Floro all but confirmed a Vancouver return minutes after the Canadian team beat Honduras in front of 20,000-plus boisterous supporters. And, he compared that to what he considered a disappointing turnout in Toronto for the Gold Cup match against Costa Rica this past summer.

Canada’s Will Johnson, right. battles Honduras’s Oscar Boniek Garcia for the ball. PHOTO: BOB FRID/CANADA SOCCER

“We like it a lot. We felt that support, always, is helping the team from the first moment, in each moment, in the difficult moments. For me, there are two years with a lot of games away, and when we play two official games in Toronto, one day we have lots of rain, it’s difficult, and no more than 18,000 people (the official attendance for the Gold Cup match against Costa Rica was 16,674)… I am sure we are going to play against Mexico here (in Vancouver).”

“Crowd was great, largest I’ve been a part of with the Canada team,” said Johnson.

“We had a great turnout, it was electric. It’s something we’re looking forward to in the future with this success behind us,” said de Guzman.

THIS STORY ORIGINALLY APPEARED IN PLASTIC PITCH #8.

Just as it did with Honduras, look for the Canadian Soccer Association to call for the BC Place roof to be open, no matter the weather. Look for Canada to squeeze whatever advantage it can. Look for a Canadian team that, in the future, may prefer to play on turf at home than on grass — at least in the official games.

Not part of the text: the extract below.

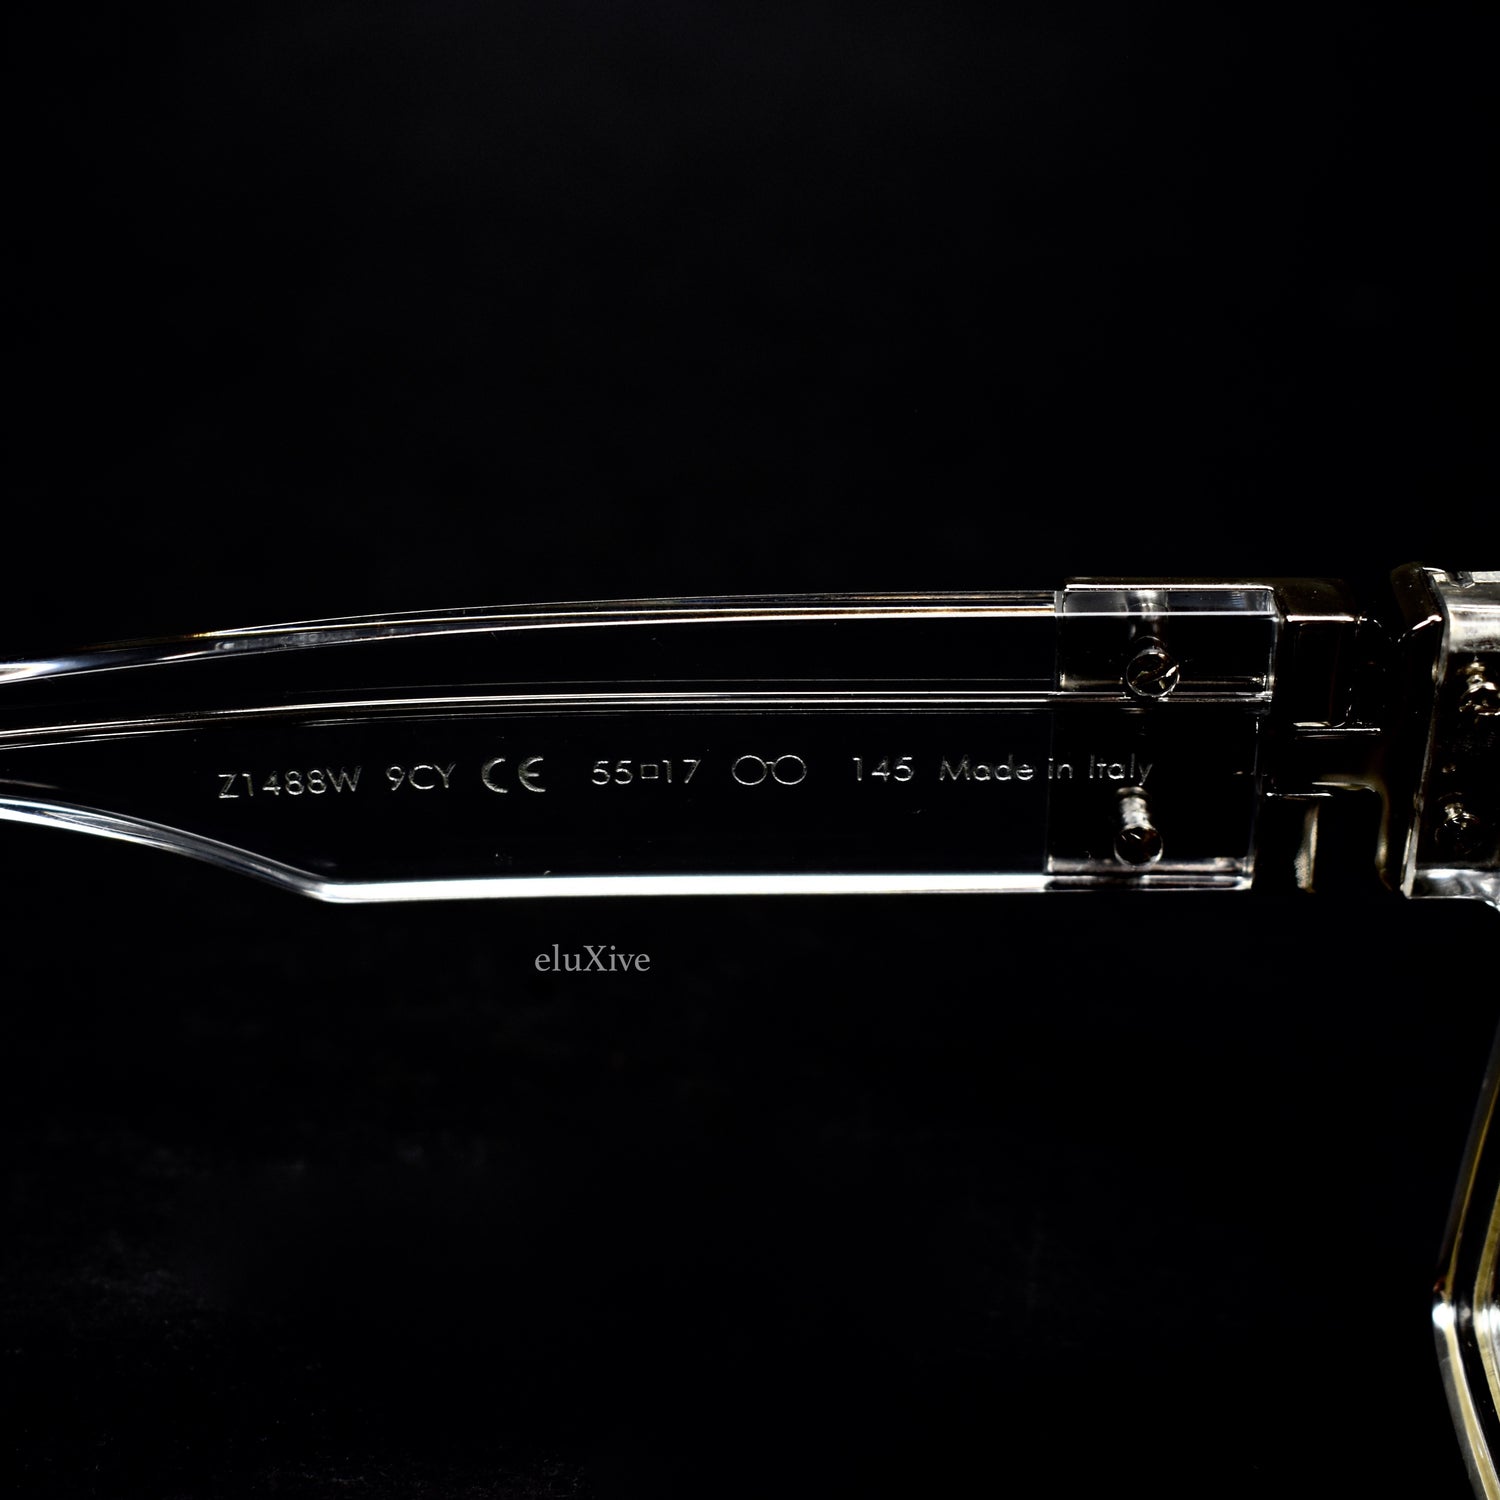 Louis Vuitton Transparent 2054 1.1 Millionaires Sunglasses Transparent pour  hommes

But are the demons of 8-1 still present?

“I don’t think we’ll ever forget it, but I’m definitely past it,” said Johnson. “It doesn’t matter to me anymore. In this game you have ups you have downs… for me, the score in that game didn’t matter to me as much as the opportunity to go to the hex that we missed. It probably would have been more painful had it been 0-0 in the 95th minute and we lose by one.”